The sad truth is, that you will always end up with a more or less custom solution (you at least have to hack together all required parts). And the more you do yourself, the more effective and reliable the final solution becomes.
Conclusion
The truth at the very bottom of this problem is, that we don't really need a ready-to-use final solution (a Golden Product) - we actually need a Solution Construction Kit.
One of the key values on which the Firebird Project is built is the preservation of the philosophy inherited (through InterBase) from Borland, which can be described as "clever engineering". One of the many examples of the realization of this philosophy was Borland Delphi, and the way it revolutionized the development of applications using components. While the concept was not completely new, the way it was used and implemented was clever and innovative. The Delphi Component Library was (and still is) a great example of a solid "Solution Construction Kit". The Butler project builds on this basic idea but tries to translate it into the context of modern times.
The IT world has changed a lot since 1995 when Delphi first appeared. Multi-platform, multi-device, distributed, scalability - those are the key words today. Today we build systems with such high levels of complexity, processing such astonishing amounts of data, that we have had to resort to AI and adaptive self-learning systems to cope with the issues raised. Almost everything is interconnected, and what is not yet soon will be. Today's components are no longer just classes but whole applications or systems connected through web technologies. The software component's paradigm has transformed itself into a service-oriented and messaging architecture. Unfortunately, due to stormy development, two unpleasant things happened. First, linking services using web technologies (primarily HTTP, JSON, etc.) was the result of giving priority to a path of lesser resistance rather than the effectiveness of these technologies. This has led to the tearing of the worlds of large and small software components. So now we have separate "component systems" for small solutions and the big ones, with no easy way to bridge the gap.
Our answer
The Firebird "Butler" Project is a serious attempt to address this problem - in line with the Firebird's scalability doctrine "from embedded to enterprise".

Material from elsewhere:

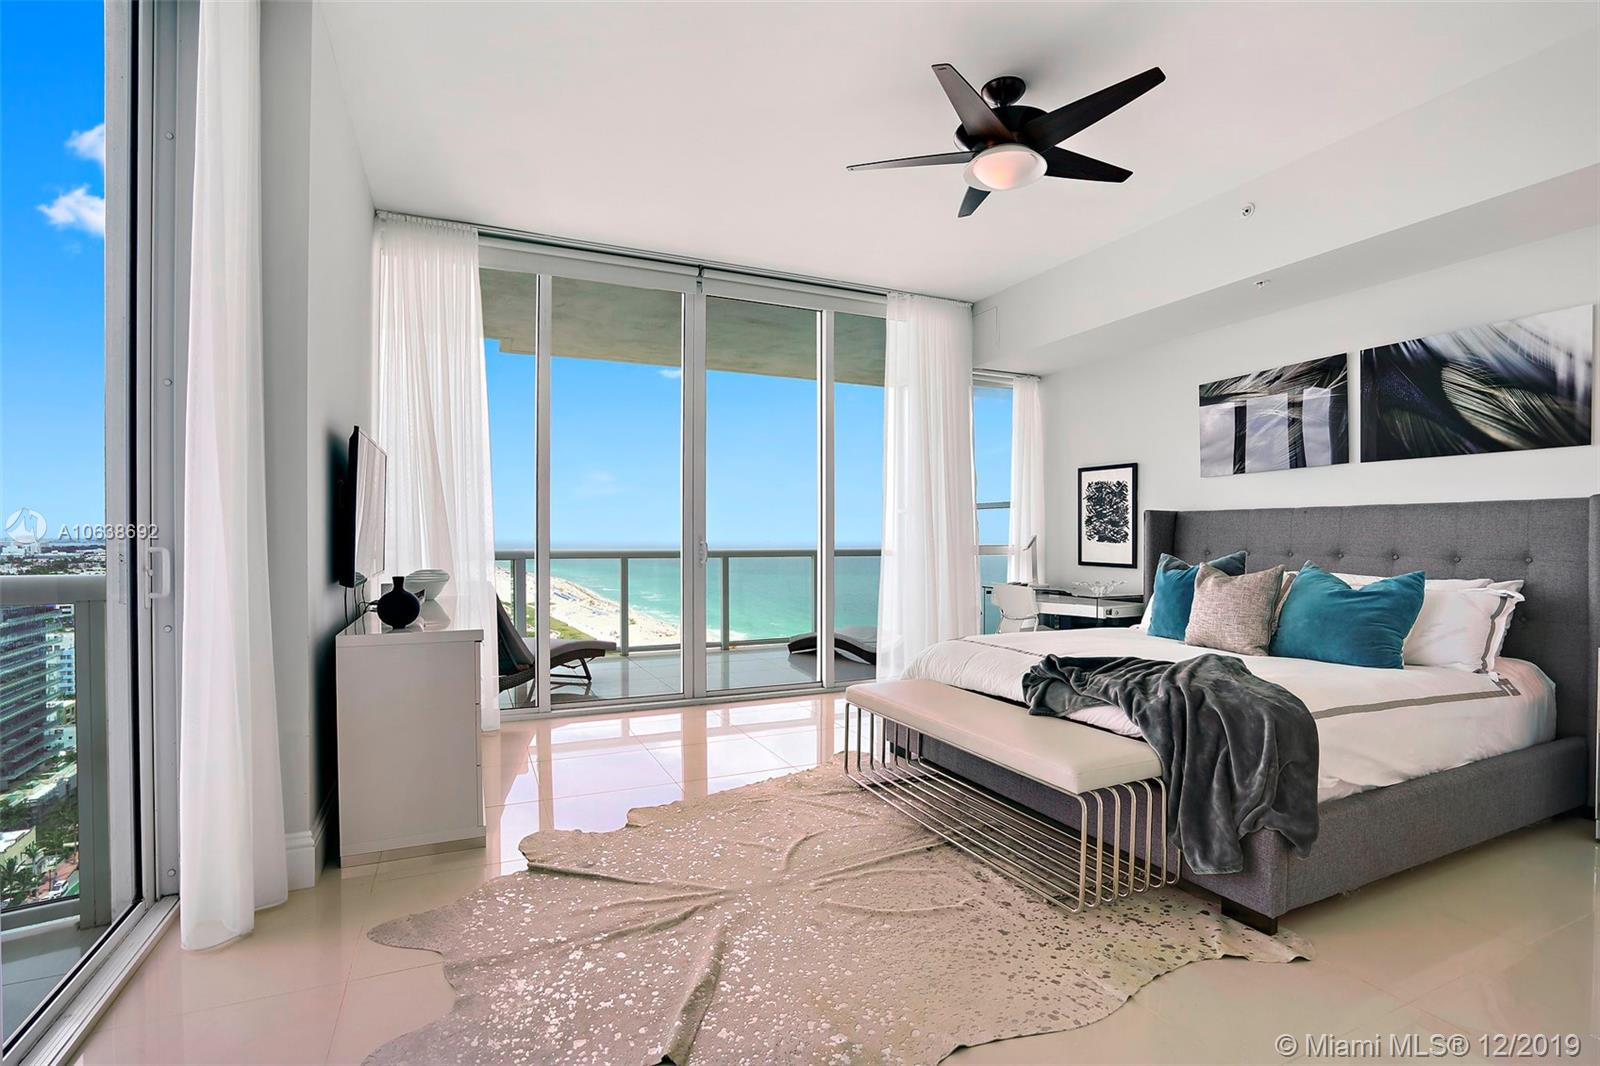 50 S Pointe Dr Miami Beach, FL 33139

So, once again in Firebird's history [1], We Boldly Go Where No Man Has Gone Before.
Note
The Firebird Butler Development Platform (a multi-platform library core similar to TComponent+TModule from Delphi VCL) is the heart of the Butler Project. The second layer built on top of it is the Firebird Butler Service Library, which is a repository of various (mostly Firebird-related) services. The outer layer is the Firebird Butler itself (the product), which should be a distribution (or set of purpose-tailored distributions) for direct deployment.
In Delphi, the VCL components interact through direct method calls (connected to event attributes). Other systems (like Qt) use slightly different connection mechanisms, but the principle remains the same. The connection between components is predominantly stable, calls are synchronous, and predominantly stateful. The world of distributed services uses mostly unstable TCP/IP connections and stateless calls that are often asynchronous.

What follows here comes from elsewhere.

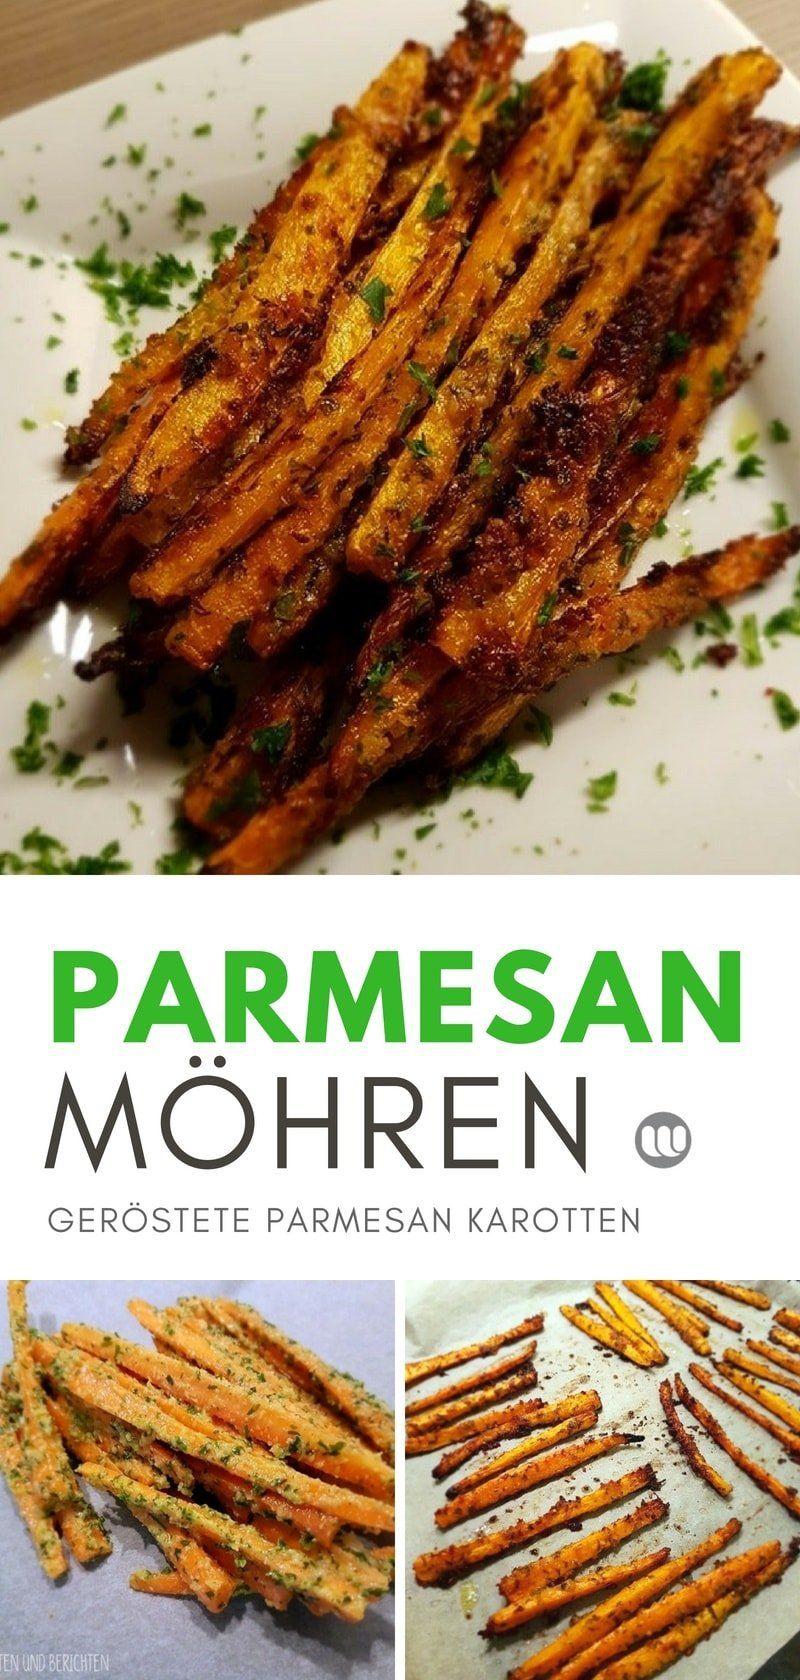 Rezept: Geröstete Parmesan Karottensticks, Möhrensticks

So, is it even possible to bridge the gap between the worlds of small, in-process components and big, distributed ones? The answer is YES, if the focus is on a technical solution that subsumes the key properties for each and can easily live in both worlds.
Let's look at the key properties closely.
Direct method calls are most effective, but while they are easy within single thread, they are impossible between threads or processes. The closest thing to it that you can do is remote procedure calling (RPC). Although RPC is easy today, it's also a killer of performance and scalability, especially when it is synchronous.
Raw TCP/IP communication is easy today, and the same applies for using it in the context of web-related technologies (HTTP etc.). But using it for communication between threads (or even between objects in a single thread) is cumbersome and not very effective. The advantage is that you can easily go asynchronous.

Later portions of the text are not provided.